EXERCISE REQUIREMENTS: Please set down only the lines below starting with the line with "Happy new year" and going on through the line with "The Paradise Coast", verbatim and without pictures.

DATASET EXTRACT:
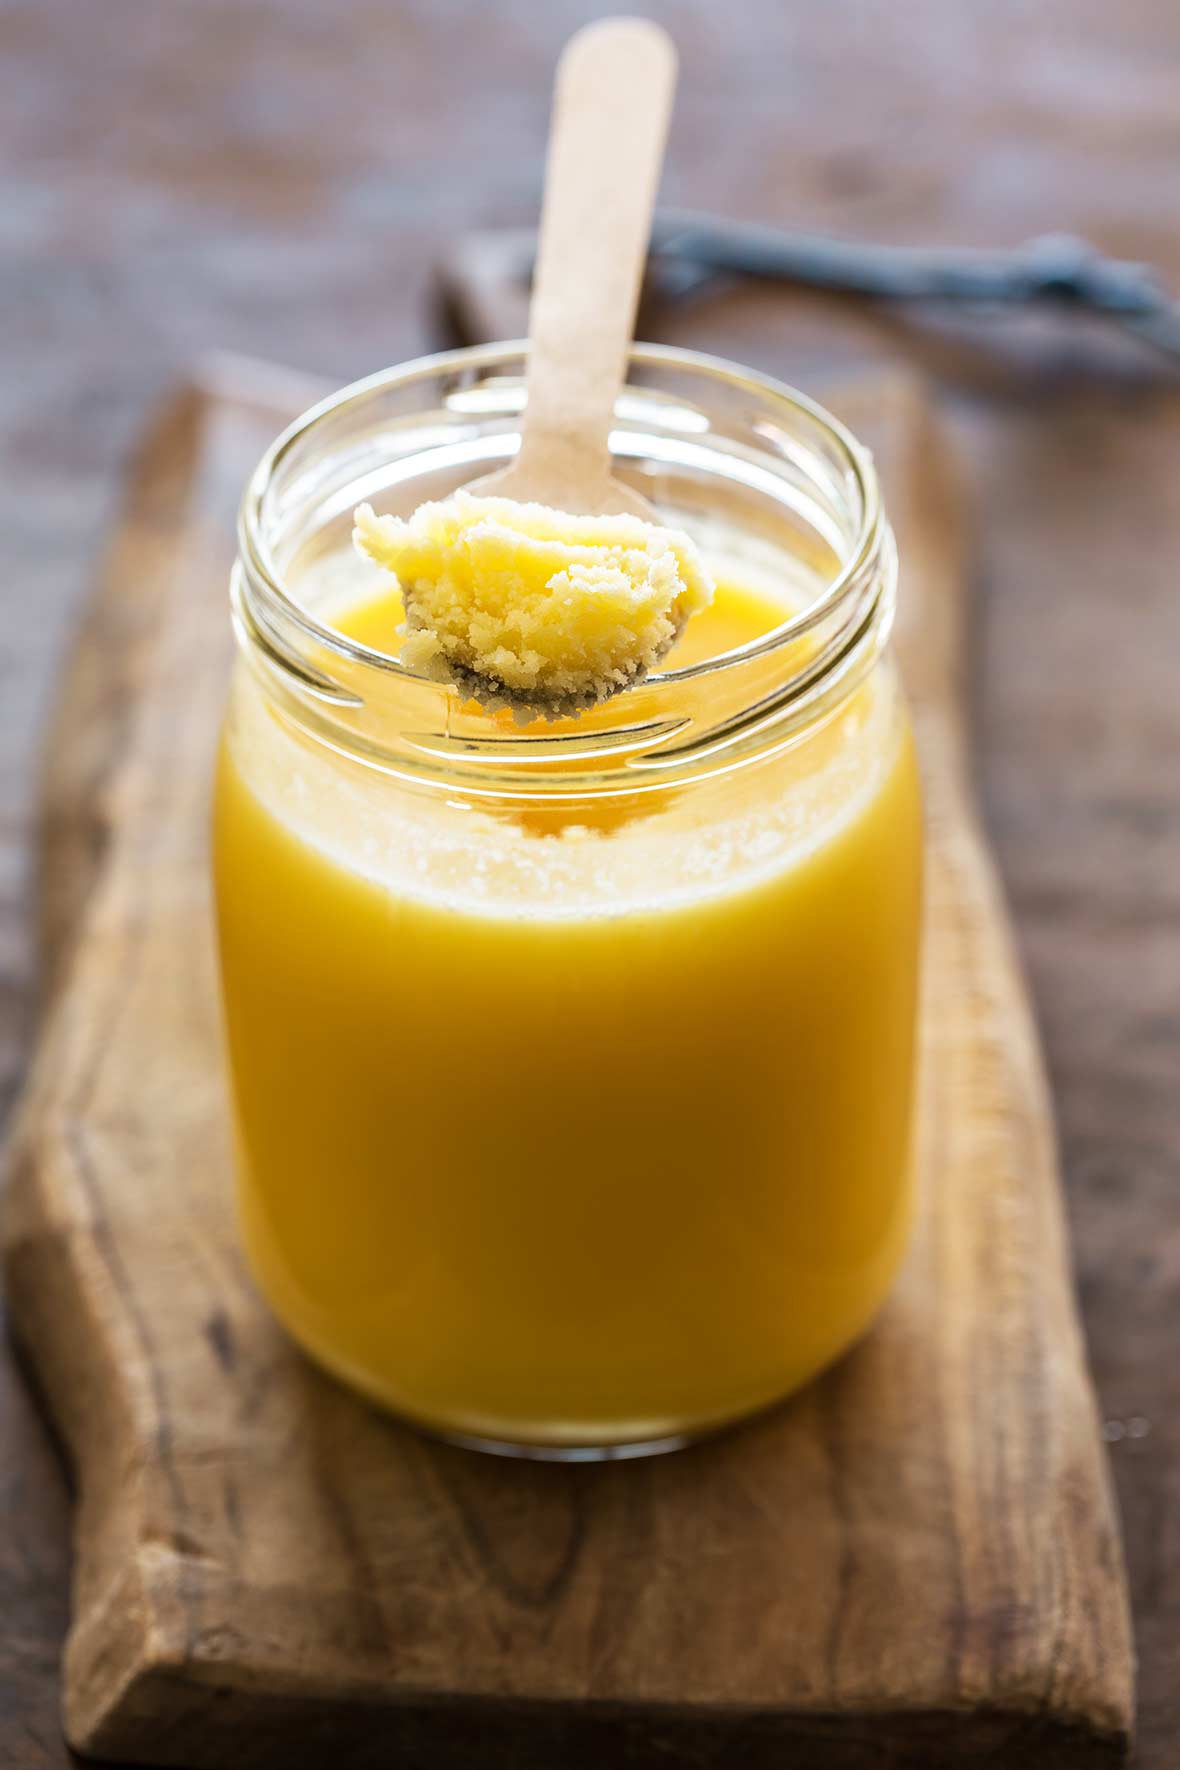 Mason jar filled with Indian ghee or clarified butter on a wooden plank
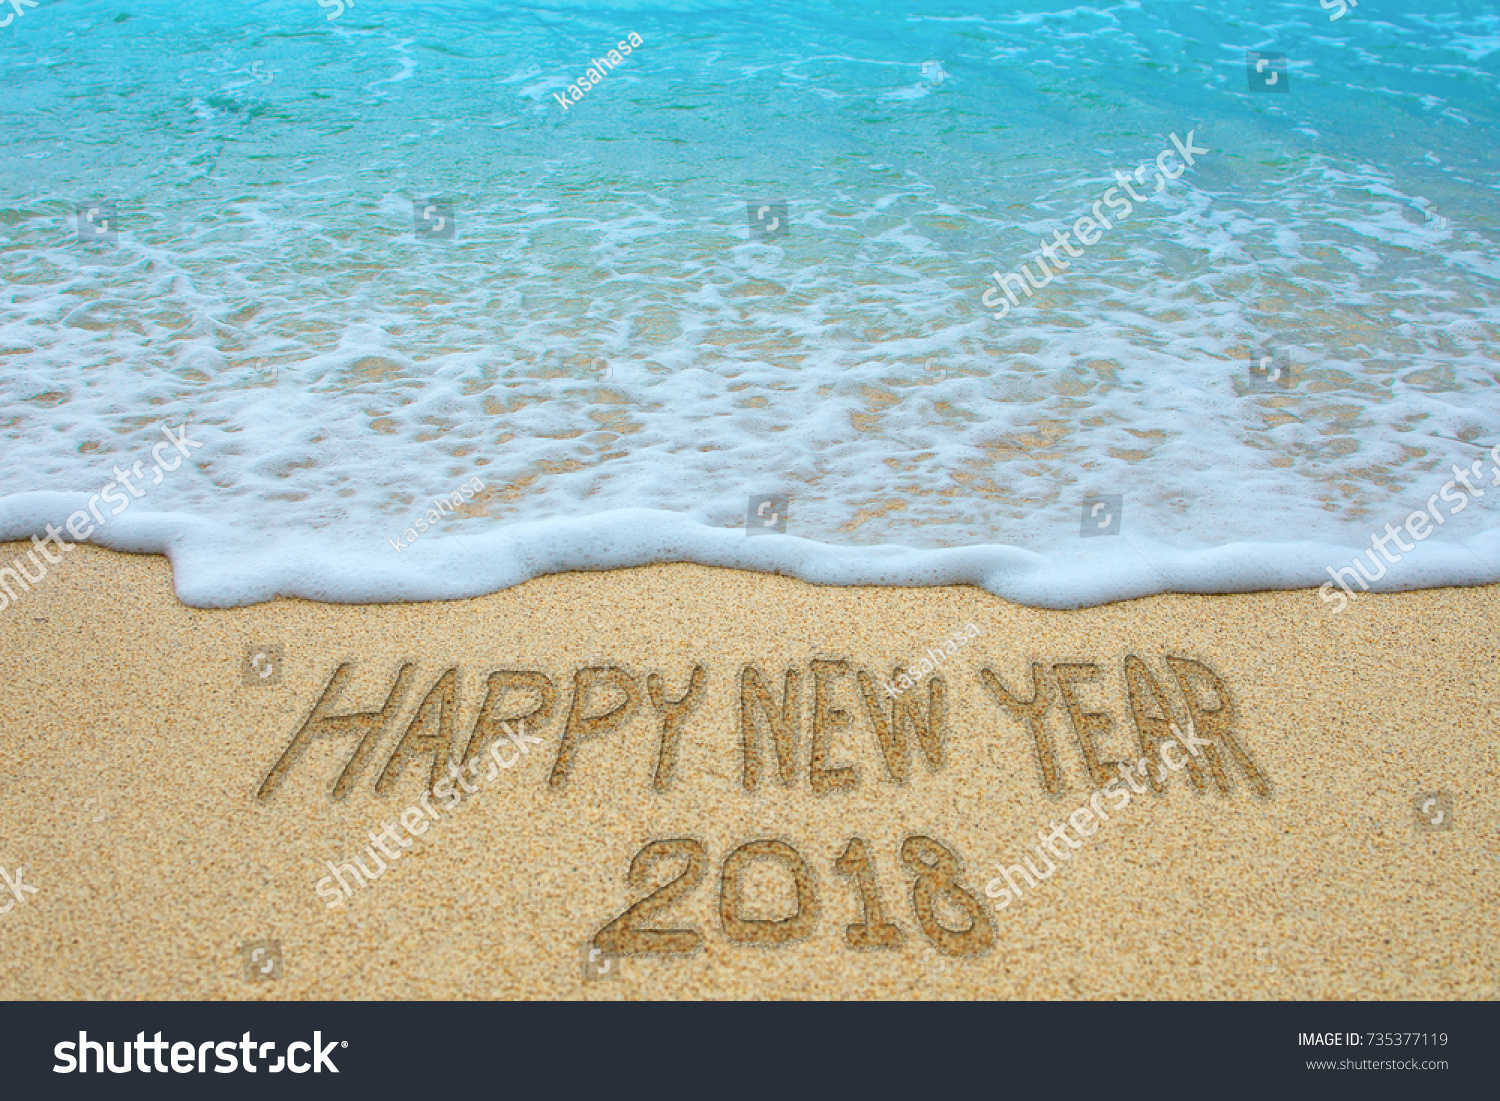 Happy new year 2018 written on sandy beach, New Year 2018 is coming concept. #735377119
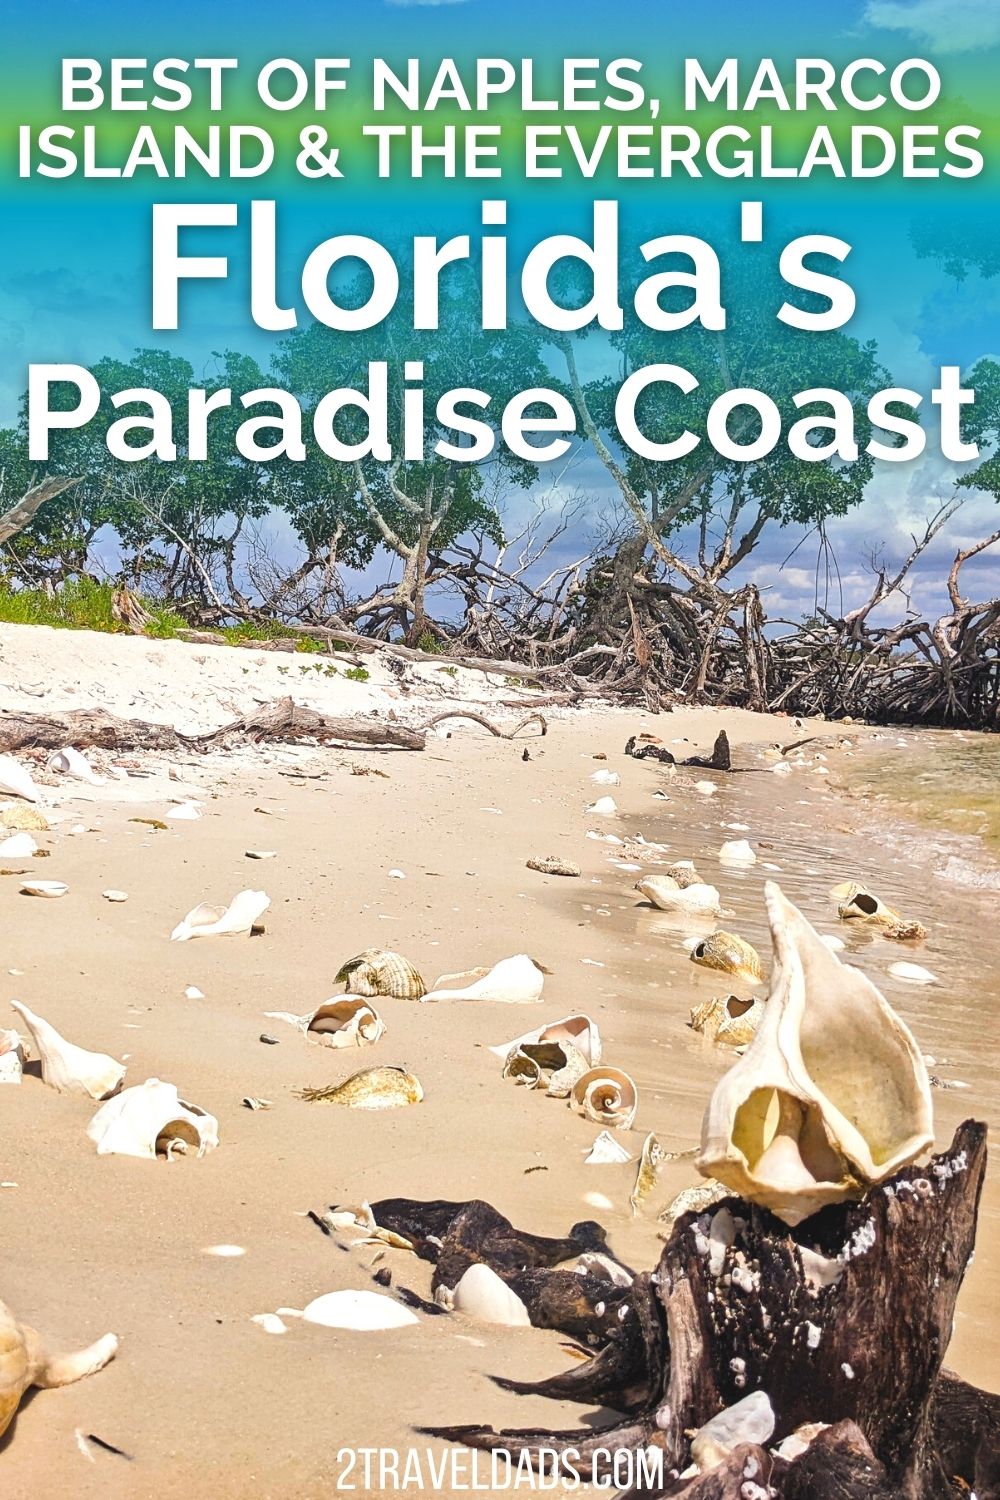 The Paradise Coast of Florida is the perfect vacation destination. Encompassing Naples, Marco Island and the Everglades, this area is home to epic wildlife adventures and gorgeous beaches and gardens with things to do for everyone.
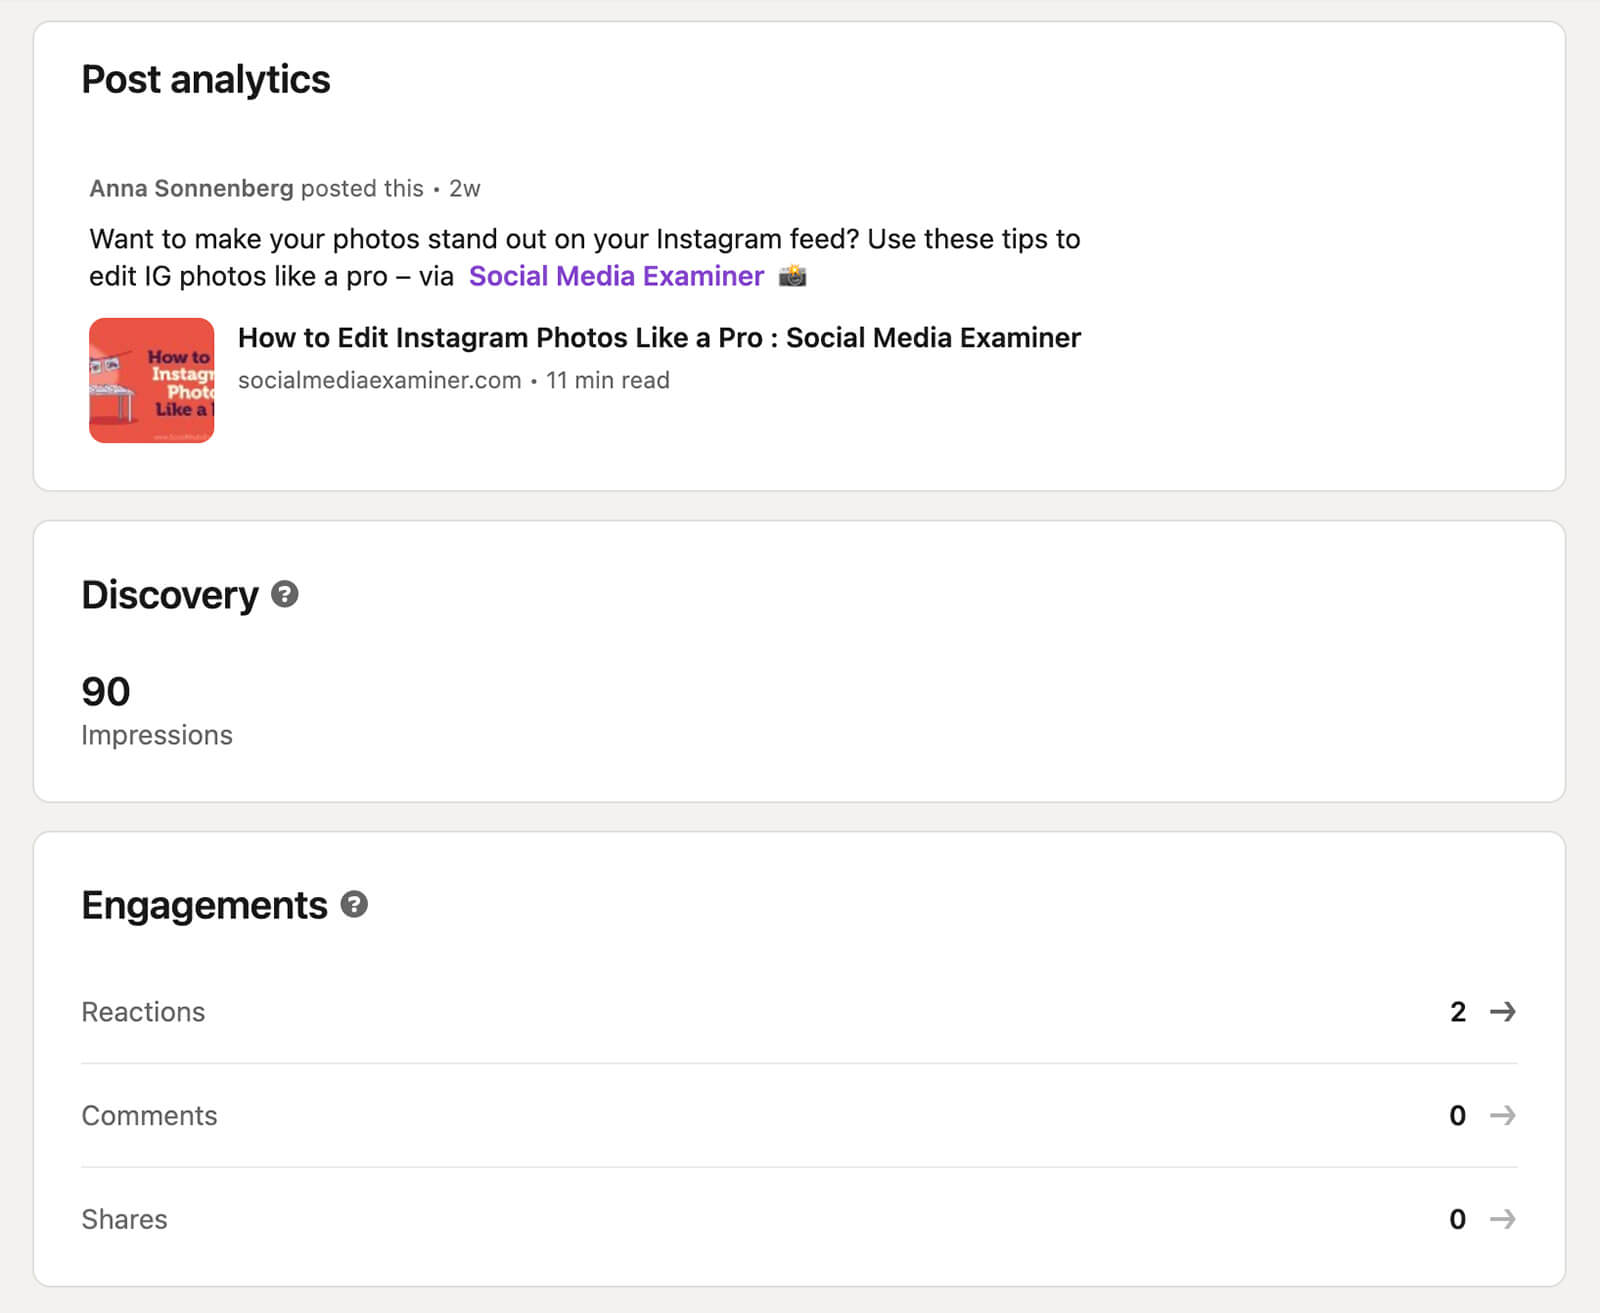 how-to-use-evaluate-linkedin-content-analytics-linkedin-personal-post-analytics-discovery-engagements-example-14

RESPONSE:
 Happy new year 2018 written on sandy beach, New Year 2018 is coming concept. #735377119
 The Paradise Coast of Florida is the perfect vacation destination. Encompassing Naples, Marco Island and the Everglades, this area is home to epic wildlife adventures and gorgeous beaches and gardens with things to do for everyone.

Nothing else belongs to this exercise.